New ledger kinds: pr-audit-mutation-finding, pr-audit-issue-repro-finding, pr-audit-coverage-finding. Dev-only deps (@stryker-mutator/core + runner adapters); no new runtime dependencies.

11.0.0 — defect-injection oracle and a judge-primary path

Defect-injection oracle (src/audit/oracle/): splices one labeled cheat into a presumed-clean real PR, so recall is measured against ground truth. npm run oracle:build writes the corpus byte-identically; every injection carries a sha256-pinned label.
Judge as a primary detector (judge-primary.ts): raises a finding for the two semantic categories (goal-not-fixed, cheat-mock-mutation) that no regex or AST detector keys on, lifting them from 0/50 to 20/50. Advisory by default, opt-out via judgePrimary.enabled: false.
Chunking, not truncation (diff-chunker.ts): oversized diffs are split into hunk-grouped chunks so a tail defect reaches the judge, and into per-hunk chunks so a verdict localizes to a (file, hunk-index) id.
Eleventh detector: type-suppression (a @ts-ignore / eslint-disable added over a changed line) ships in the default set, bringing the default set to eight and the full set to eleven.

Honest scope

The structural detectors over-flag normal PRs at scale, which is why findings ship advisory and nothing blocks by default.
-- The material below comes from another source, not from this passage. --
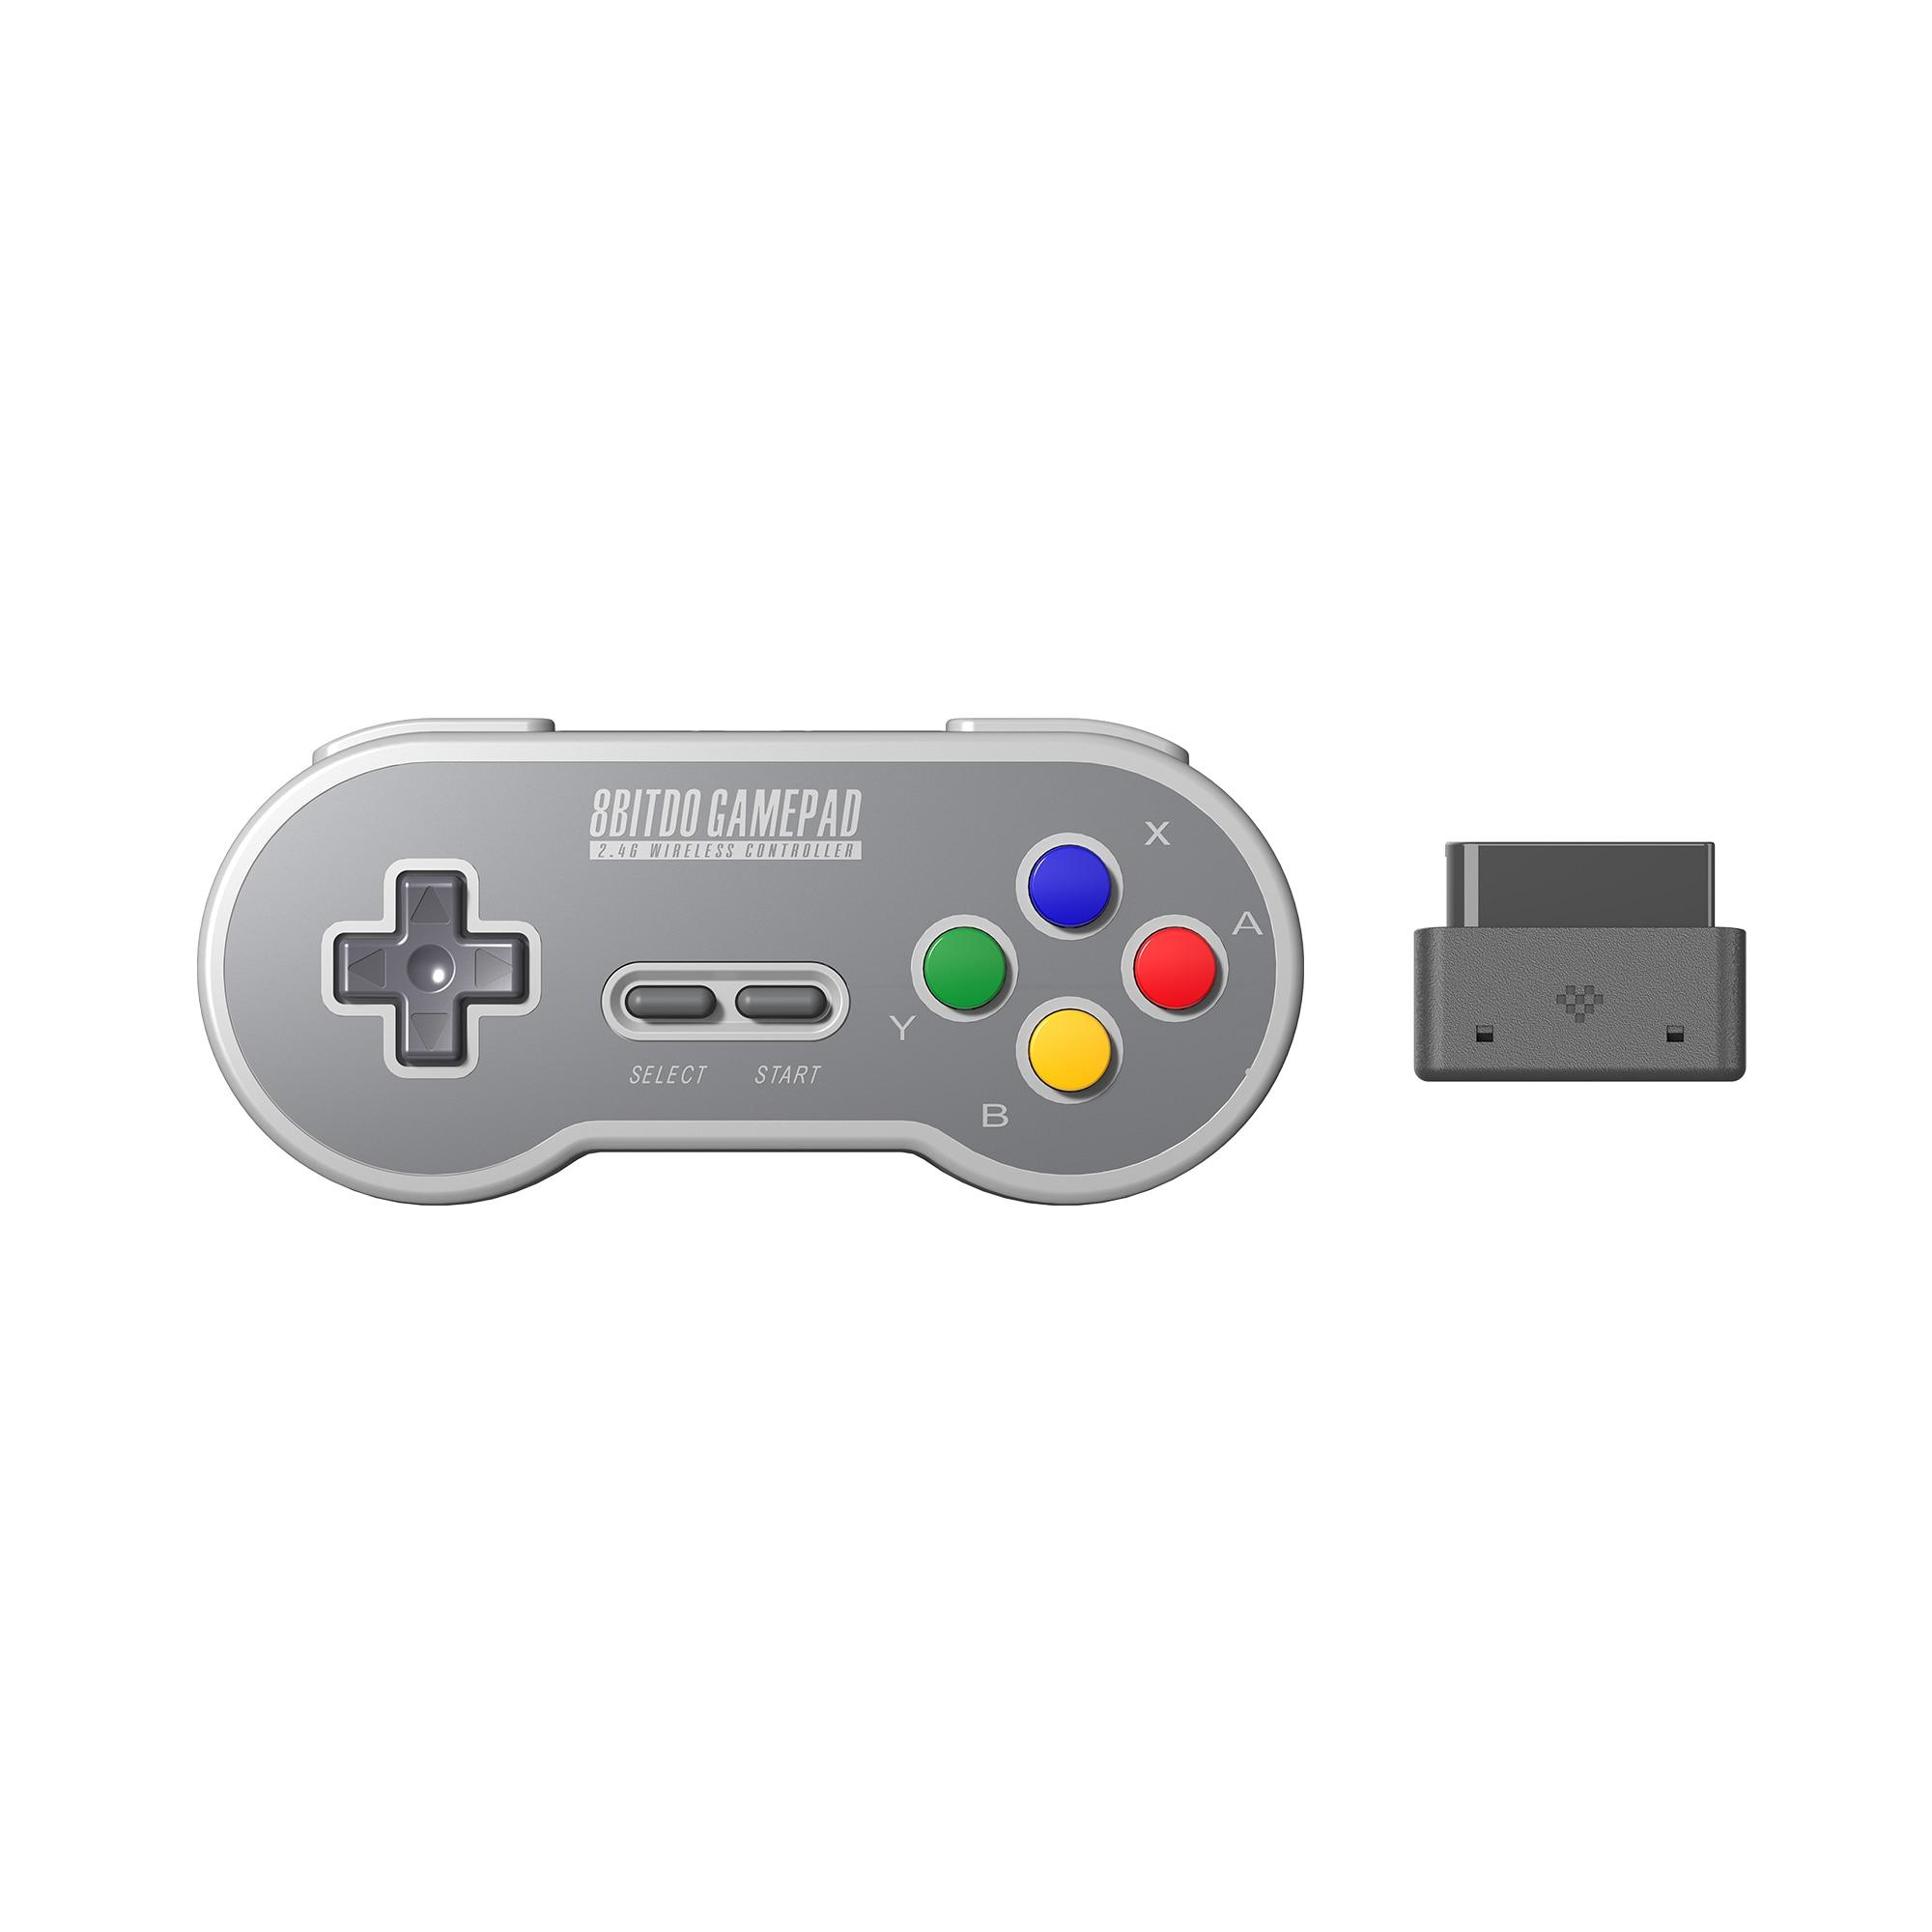 8BitDo SN30 2.4G Wireless Gamepad for Original SNES/S FC (SN Edition) - Super NES
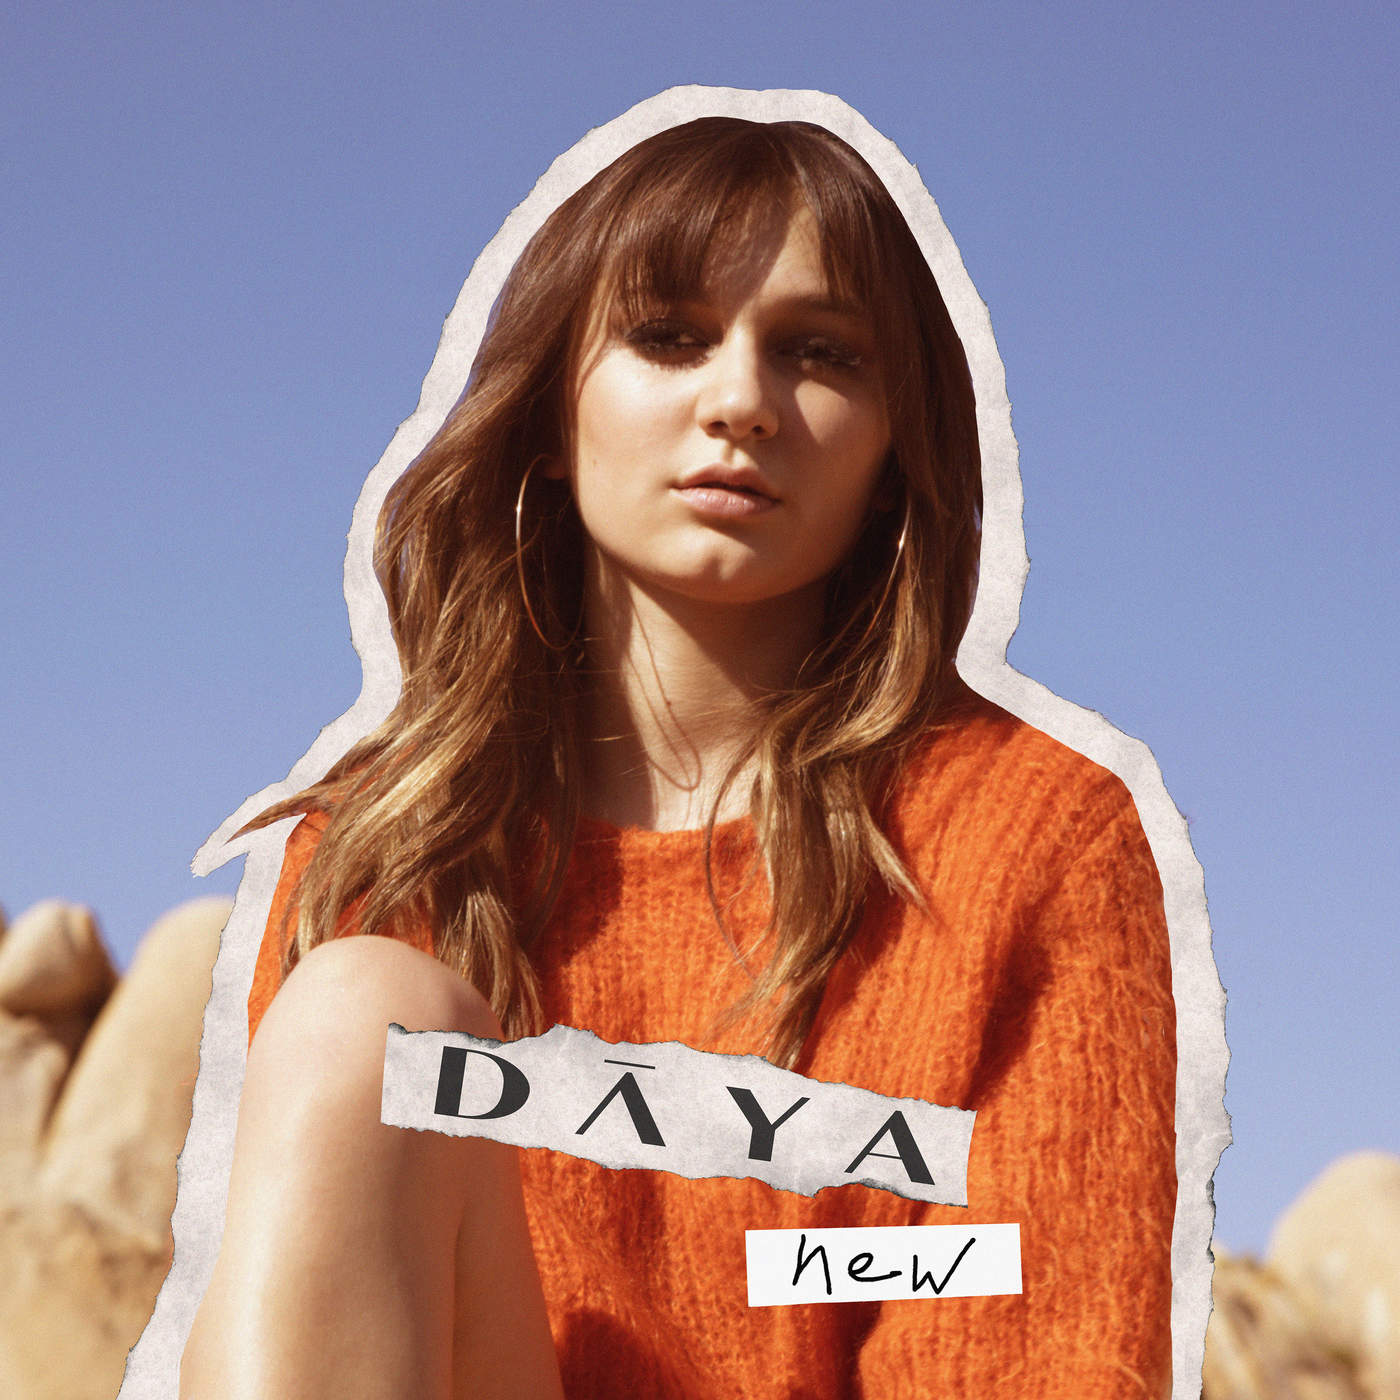 Daya - New - Single

No detector has yet cleared the 0.90-precision gate to block on its own, and the 205-PR real-corpus baseline is AI-labeled with a “pending human review” stamp on every entry: human re-labeling is the next milestone. Use this as a cheat and under-constraint signal, not a general bug finder. See the README’s “Limitations and what’s next” and benchmarks/real-prs/REDUNDANCY-FINDING.md.

Install

git clone https://github.com/moonrunnerkc/swarm-orchestrator.git
cd swarm-orchestrator
npm install
npm run build
npm link
swarm --help

Node 20 or later (the execution-grounded layer wants Node 22). Full notes in CHANGELOG.md.